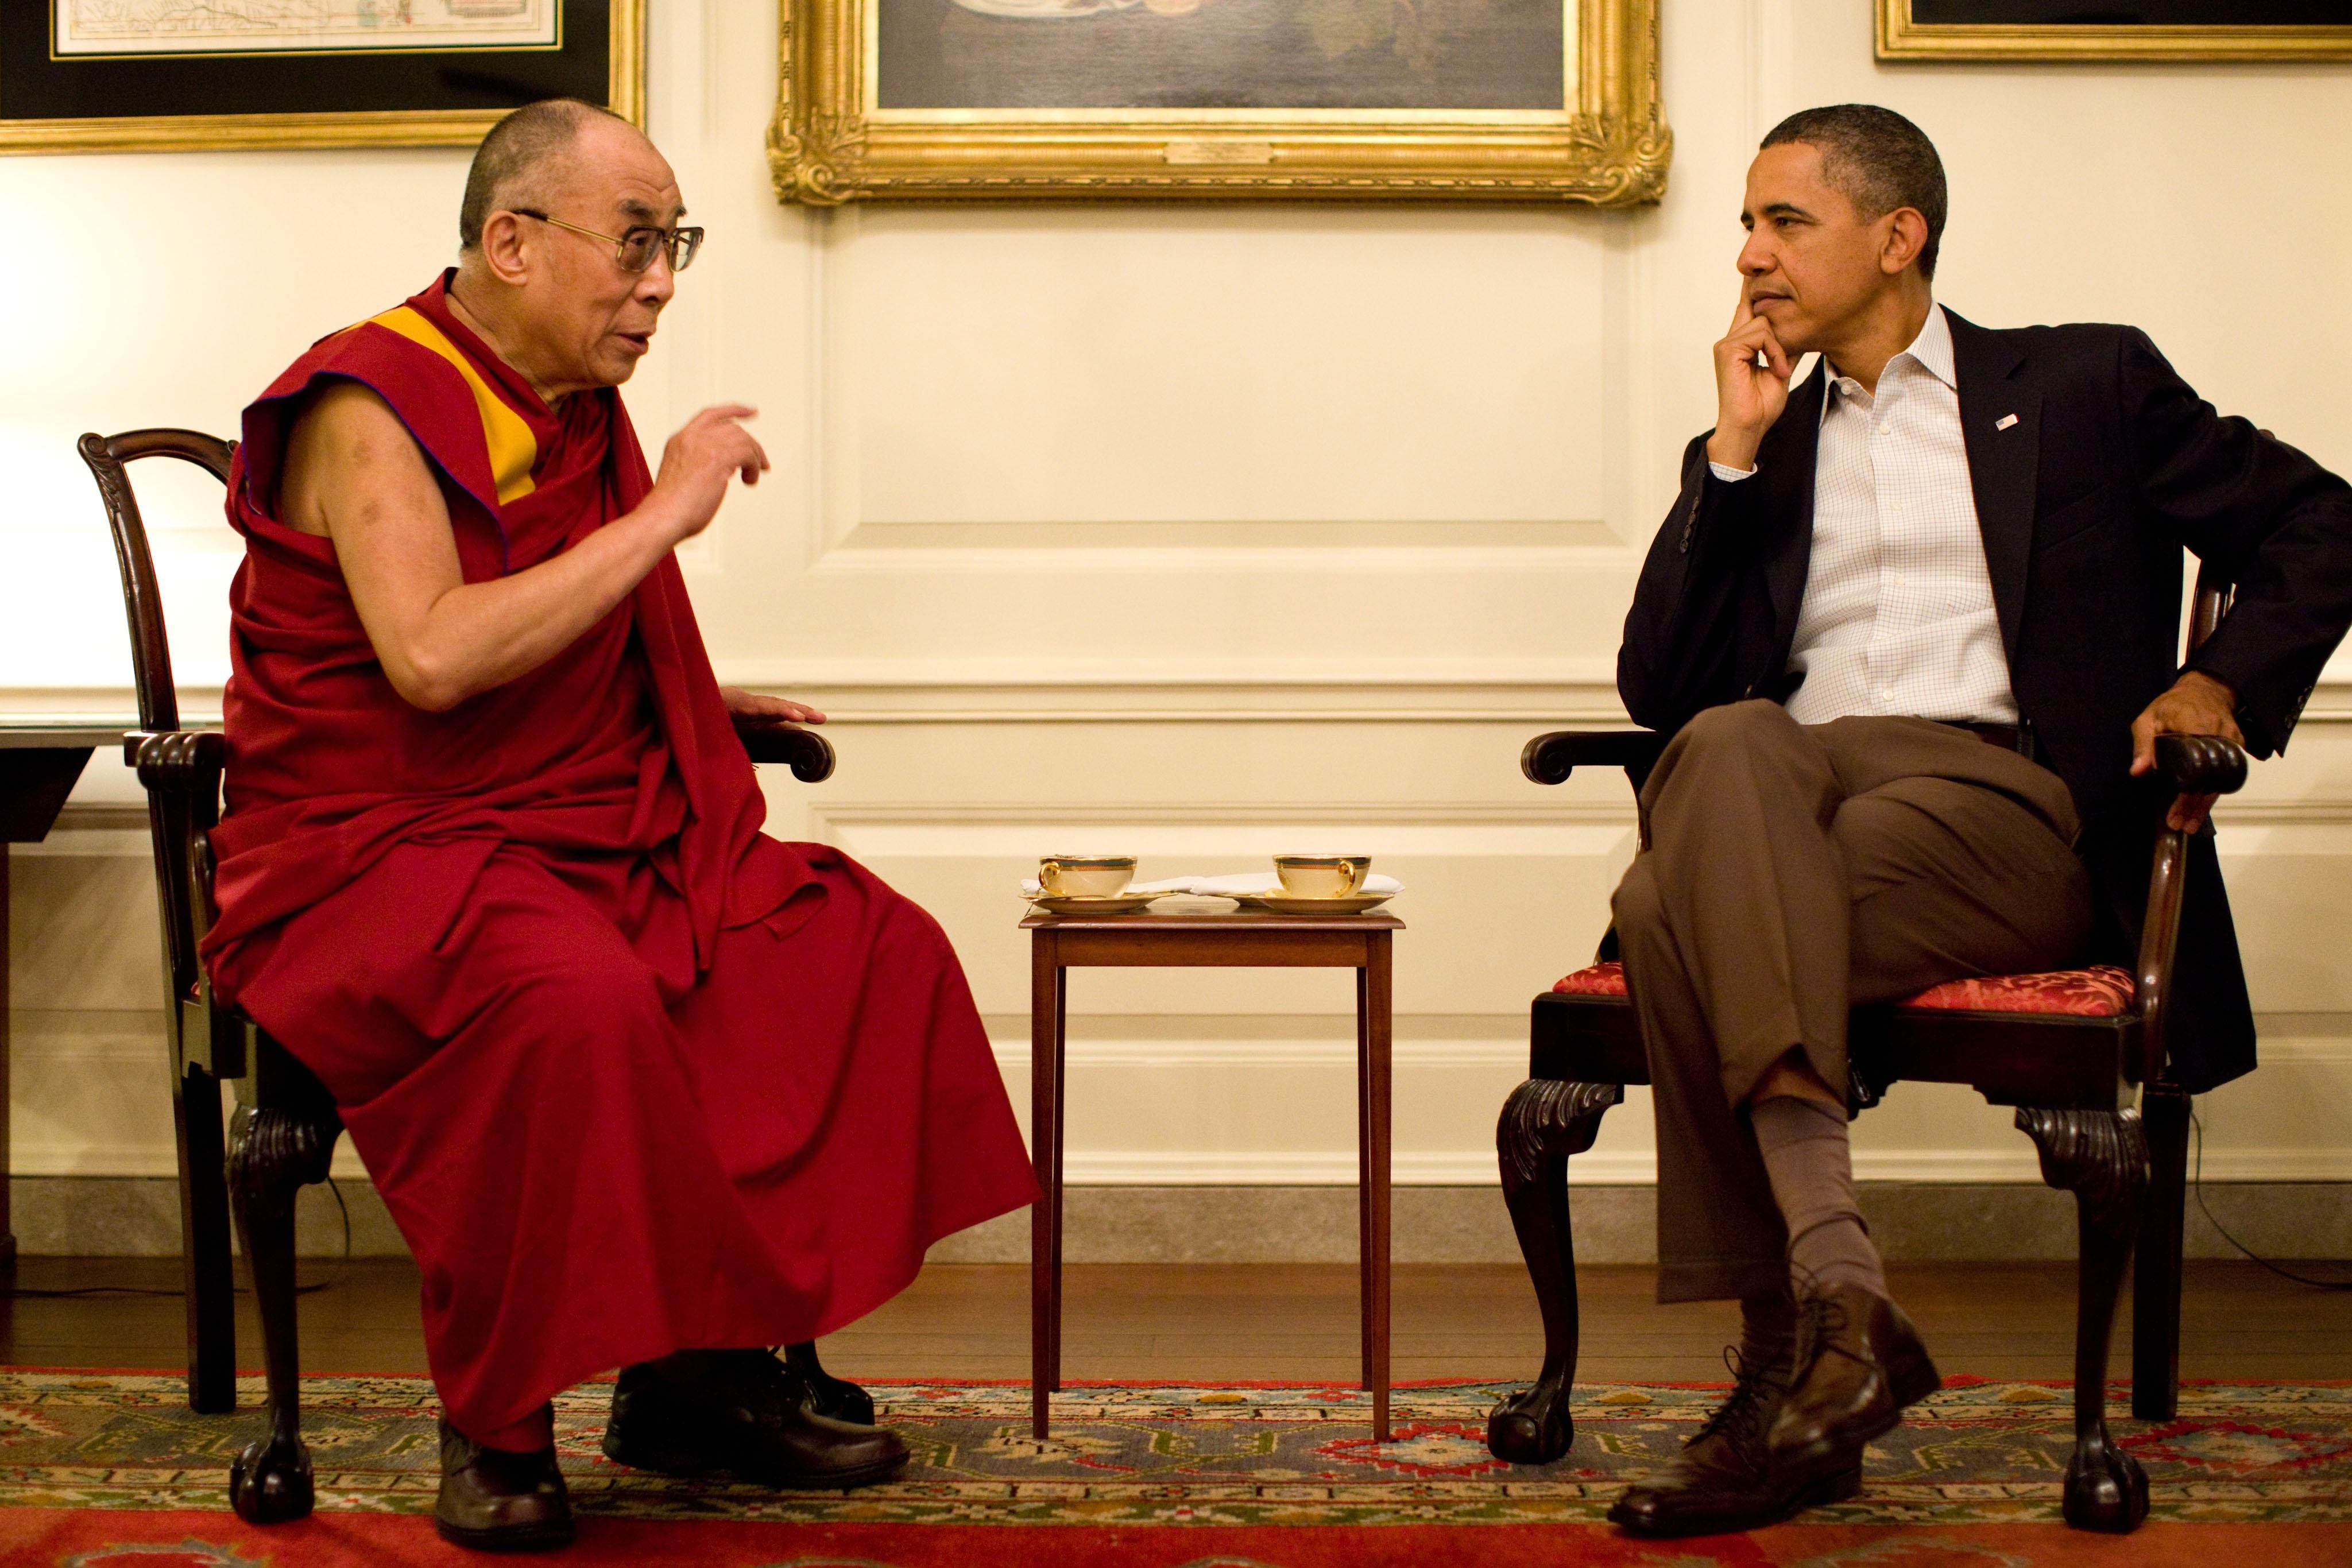 Free Meeting United States Of America Buddhist Hawaii
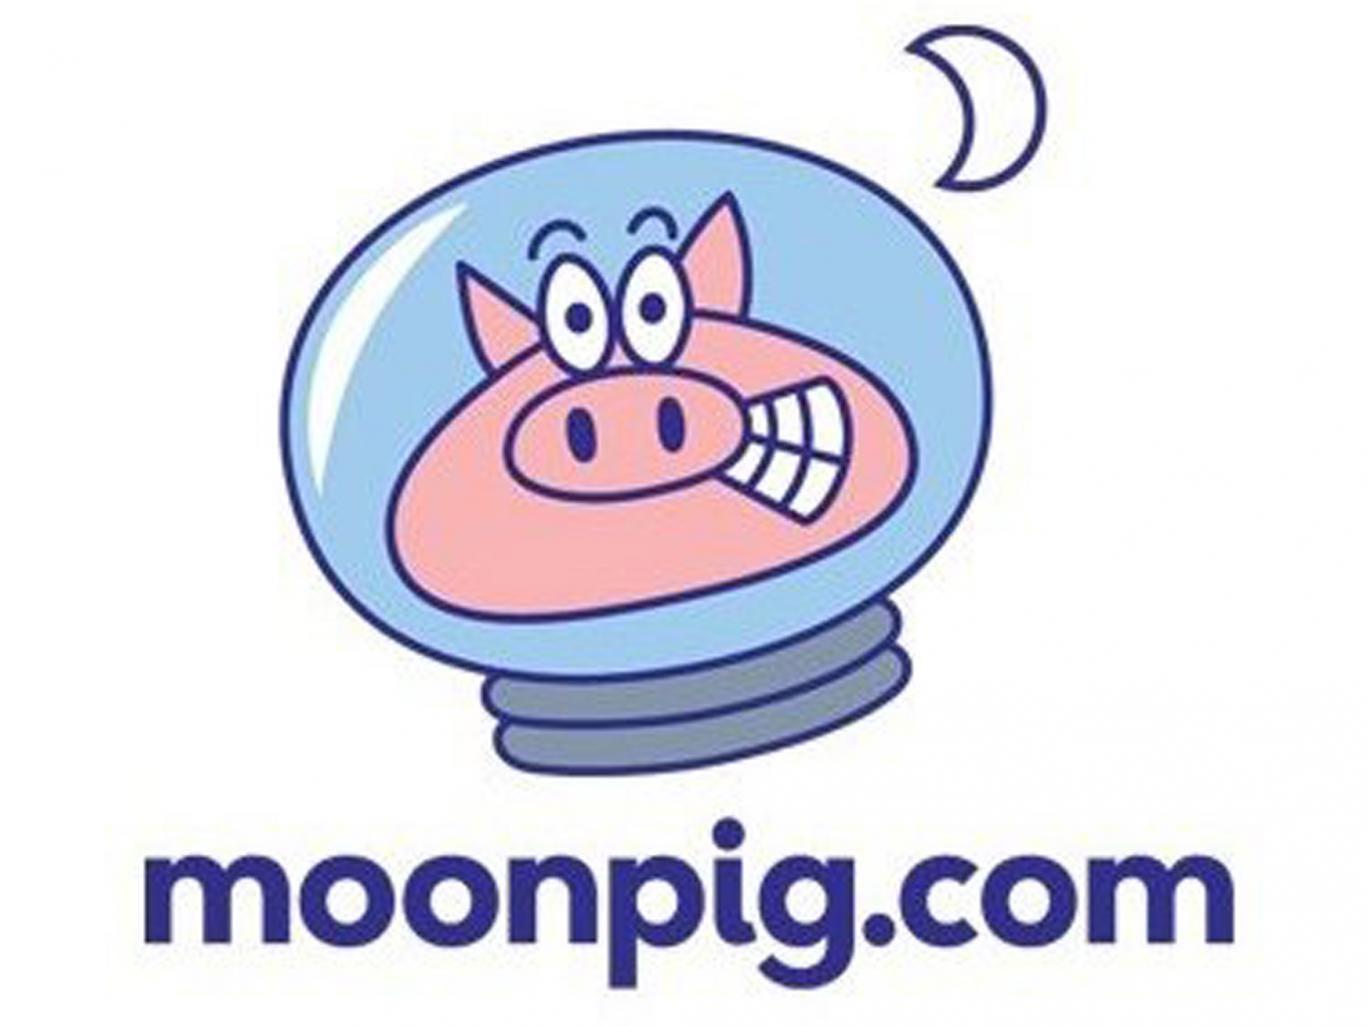 The Moonpig logo Moonpig
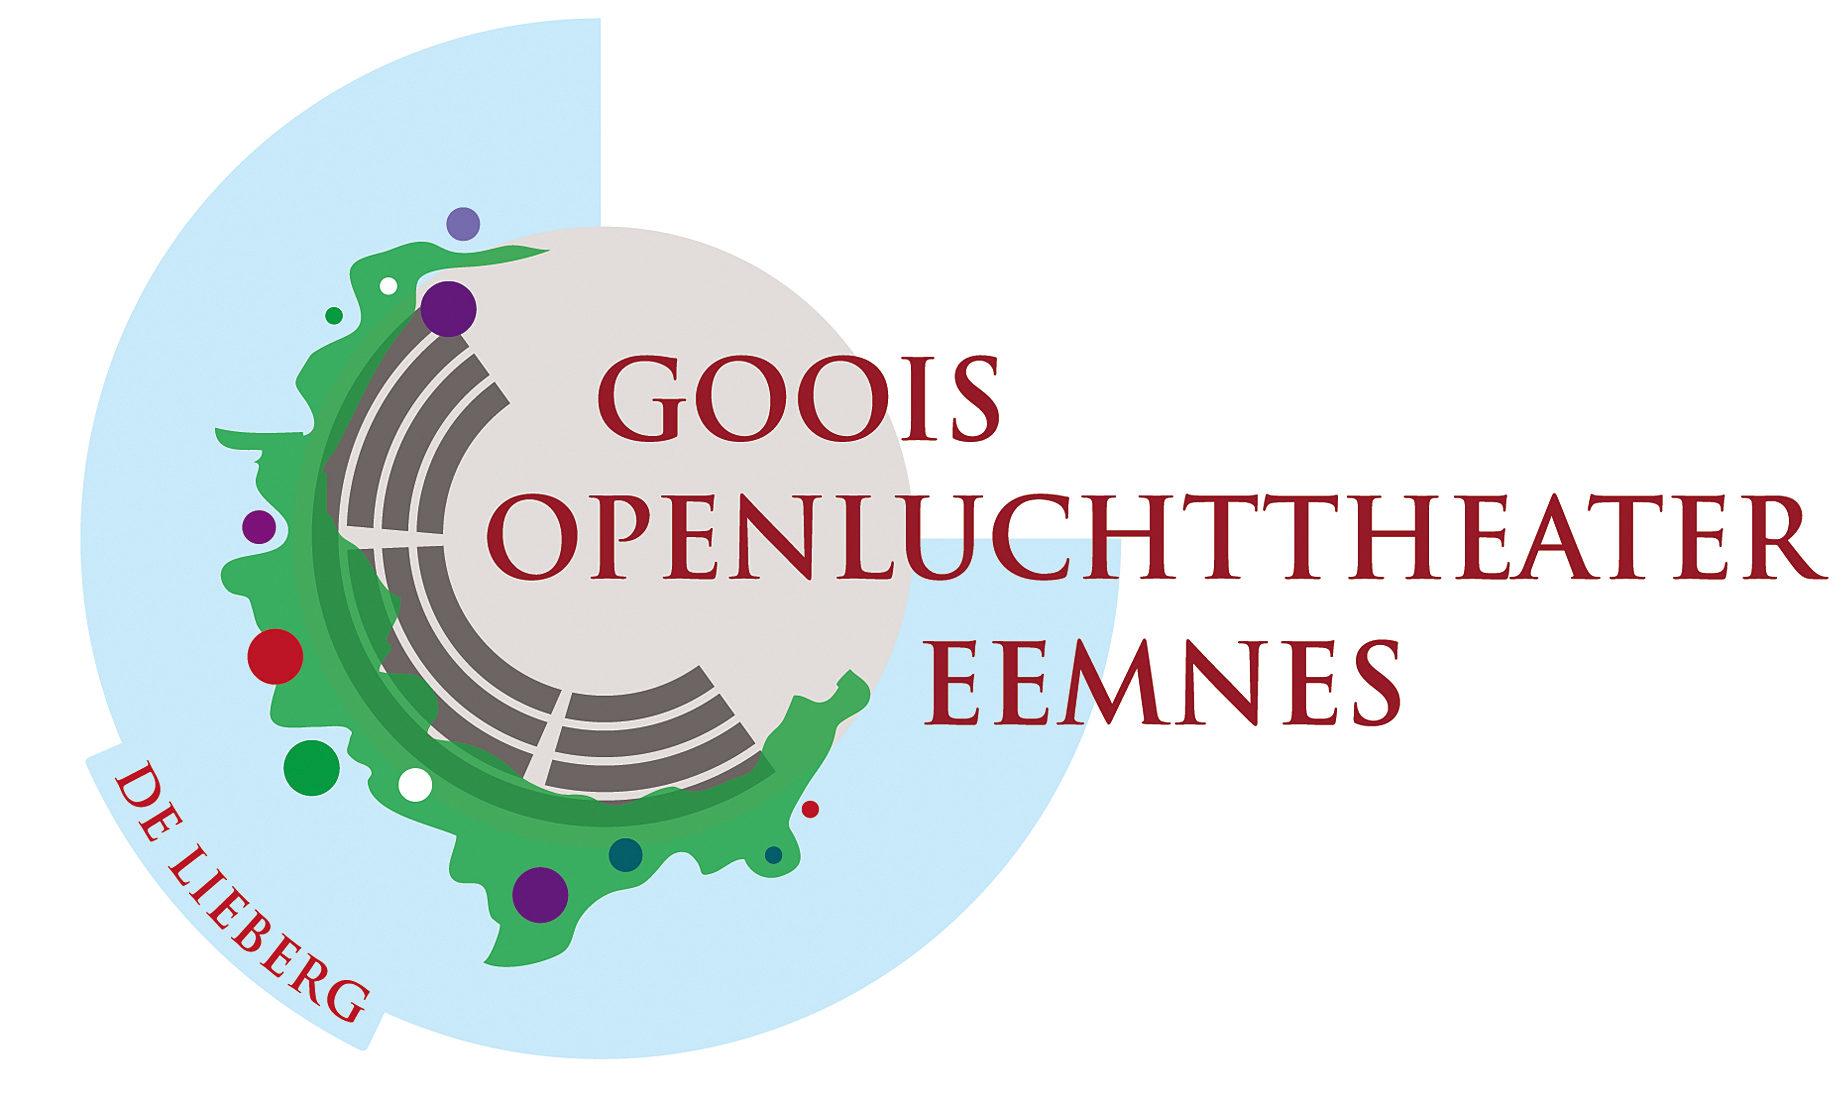 Goois-openluchttheater

WORK INSTRUCTION → Without reproducing any picture, repeat exactly the lines from the one containing "The Moonpig logo Moonpig" through the last line of the material above, both ends included.

ANSWER FOR THE TASK →
 The Moonpig logo Moonpig
 Goois-openluchttheater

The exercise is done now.